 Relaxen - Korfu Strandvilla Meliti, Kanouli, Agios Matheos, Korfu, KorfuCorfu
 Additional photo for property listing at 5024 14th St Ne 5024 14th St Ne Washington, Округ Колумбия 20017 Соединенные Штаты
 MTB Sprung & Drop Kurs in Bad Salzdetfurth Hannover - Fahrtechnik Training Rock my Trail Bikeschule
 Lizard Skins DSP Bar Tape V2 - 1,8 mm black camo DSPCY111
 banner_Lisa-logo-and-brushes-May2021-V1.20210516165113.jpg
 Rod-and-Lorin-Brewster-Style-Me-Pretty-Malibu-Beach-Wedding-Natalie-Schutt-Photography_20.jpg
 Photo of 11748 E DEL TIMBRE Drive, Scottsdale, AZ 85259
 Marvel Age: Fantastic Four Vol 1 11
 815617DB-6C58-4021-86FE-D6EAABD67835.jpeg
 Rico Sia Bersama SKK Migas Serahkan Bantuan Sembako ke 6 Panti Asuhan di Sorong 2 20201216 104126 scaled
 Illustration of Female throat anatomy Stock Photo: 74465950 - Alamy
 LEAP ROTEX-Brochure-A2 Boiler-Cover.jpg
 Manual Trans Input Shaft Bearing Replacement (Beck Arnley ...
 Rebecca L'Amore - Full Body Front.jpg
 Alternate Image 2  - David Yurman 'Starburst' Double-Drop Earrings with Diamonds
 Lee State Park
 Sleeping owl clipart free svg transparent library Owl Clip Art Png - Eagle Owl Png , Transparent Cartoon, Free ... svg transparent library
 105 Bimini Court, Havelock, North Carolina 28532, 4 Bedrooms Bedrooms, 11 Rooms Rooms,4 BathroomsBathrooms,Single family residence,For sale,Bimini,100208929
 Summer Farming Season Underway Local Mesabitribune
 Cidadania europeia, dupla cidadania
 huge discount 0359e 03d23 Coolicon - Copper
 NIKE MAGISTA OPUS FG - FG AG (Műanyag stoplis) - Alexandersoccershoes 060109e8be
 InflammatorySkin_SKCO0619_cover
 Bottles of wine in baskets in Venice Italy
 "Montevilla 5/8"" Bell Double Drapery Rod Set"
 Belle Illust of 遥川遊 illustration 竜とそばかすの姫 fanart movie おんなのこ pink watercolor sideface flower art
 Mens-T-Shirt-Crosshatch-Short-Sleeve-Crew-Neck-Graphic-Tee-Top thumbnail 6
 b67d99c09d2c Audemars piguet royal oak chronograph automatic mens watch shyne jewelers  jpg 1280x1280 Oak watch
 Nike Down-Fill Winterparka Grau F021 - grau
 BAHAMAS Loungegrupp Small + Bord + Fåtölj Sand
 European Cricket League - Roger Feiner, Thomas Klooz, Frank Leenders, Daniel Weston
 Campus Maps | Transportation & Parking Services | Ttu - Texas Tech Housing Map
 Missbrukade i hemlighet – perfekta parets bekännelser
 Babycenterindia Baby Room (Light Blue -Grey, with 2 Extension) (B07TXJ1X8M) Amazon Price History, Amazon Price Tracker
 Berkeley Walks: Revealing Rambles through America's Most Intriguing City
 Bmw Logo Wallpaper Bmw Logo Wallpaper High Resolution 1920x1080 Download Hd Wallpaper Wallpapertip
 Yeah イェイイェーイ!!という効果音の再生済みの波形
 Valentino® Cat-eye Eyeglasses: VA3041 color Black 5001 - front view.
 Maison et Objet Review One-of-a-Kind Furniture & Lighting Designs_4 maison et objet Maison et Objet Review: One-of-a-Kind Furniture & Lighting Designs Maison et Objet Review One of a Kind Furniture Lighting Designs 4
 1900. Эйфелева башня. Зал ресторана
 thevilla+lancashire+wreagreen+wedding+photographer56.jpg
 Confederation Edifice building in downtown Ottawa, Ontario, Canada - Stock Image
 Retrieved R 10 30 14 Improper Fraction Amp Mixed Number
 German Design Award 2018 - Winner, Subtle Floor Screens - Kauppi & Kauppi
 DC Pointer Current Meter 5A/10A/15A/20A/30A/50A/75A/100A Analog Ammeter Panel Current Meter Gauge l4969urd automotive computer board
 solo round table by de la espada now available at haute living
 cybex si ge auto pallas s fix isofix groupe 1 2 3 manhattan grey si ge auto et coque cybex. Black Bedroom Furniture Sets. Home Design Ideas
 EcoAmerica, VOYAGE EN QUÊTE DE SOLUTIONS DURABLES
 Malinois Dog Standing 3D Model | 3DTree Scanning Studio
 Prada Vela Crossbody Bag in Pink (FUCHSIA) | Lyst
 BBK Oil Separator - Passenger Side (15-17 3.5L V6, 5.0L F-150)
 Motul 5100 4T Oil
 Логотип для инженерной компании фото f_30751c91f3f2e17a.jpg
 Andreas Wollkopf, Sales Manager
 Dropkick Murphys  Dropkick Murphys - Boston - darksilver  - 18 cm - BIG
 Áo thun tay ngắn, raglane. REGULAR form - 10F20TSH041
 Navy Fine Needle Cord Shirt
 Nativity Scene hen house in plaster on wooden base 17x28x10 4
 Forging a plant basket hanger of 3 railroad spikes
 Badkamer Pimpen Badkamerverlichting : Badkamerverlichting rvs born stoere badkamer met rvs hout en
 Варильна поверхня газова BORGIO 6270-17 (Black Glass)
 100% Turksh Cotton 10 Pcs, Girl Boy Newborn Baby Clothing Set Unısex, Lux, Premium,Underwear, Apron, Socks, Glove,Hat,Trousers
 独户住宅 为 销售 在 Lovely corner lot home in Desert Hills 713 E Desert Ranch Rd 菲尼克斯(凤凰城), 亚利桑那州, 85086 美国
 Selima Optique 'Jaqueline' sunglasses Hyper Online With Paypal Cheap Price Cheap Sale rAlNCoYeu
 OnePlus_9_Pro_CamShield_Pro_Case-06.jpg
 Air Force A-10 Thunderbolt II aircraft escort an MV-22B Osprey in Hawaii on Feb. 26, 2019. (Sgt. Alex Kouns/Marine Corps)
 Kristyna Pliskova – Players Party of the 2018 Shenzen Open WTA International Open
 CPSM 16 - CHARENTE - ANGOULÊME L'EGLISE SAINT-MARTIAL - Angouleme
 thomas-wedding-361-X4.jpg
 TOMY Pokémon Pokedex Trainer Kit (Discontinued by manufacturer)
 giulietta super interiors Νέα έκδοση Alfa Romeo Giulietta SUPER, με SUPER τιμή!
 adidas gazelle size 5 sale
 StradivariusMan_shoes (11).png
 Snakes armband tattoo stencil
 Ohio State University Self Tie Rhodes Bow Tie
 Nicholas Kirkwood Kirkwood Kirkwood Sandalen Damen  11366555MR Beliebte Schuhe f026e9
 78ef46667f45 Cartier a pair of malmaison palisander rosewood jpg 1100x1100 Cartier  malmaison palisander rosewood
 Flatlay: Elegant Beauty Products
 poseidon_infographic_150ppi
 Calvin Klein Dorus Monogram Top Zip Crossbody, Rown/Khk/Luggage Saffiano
==============================
* Problem to solve *
Throughout the material above, report each line holding the word "Image".

* Task response *
 Alternate Image 2  - David Yurman 'Starburst' Double-Drop Earrings with Diamonds
 Confederation Edifice building in downtown Ottawa, Ontario, Canada - Stock Image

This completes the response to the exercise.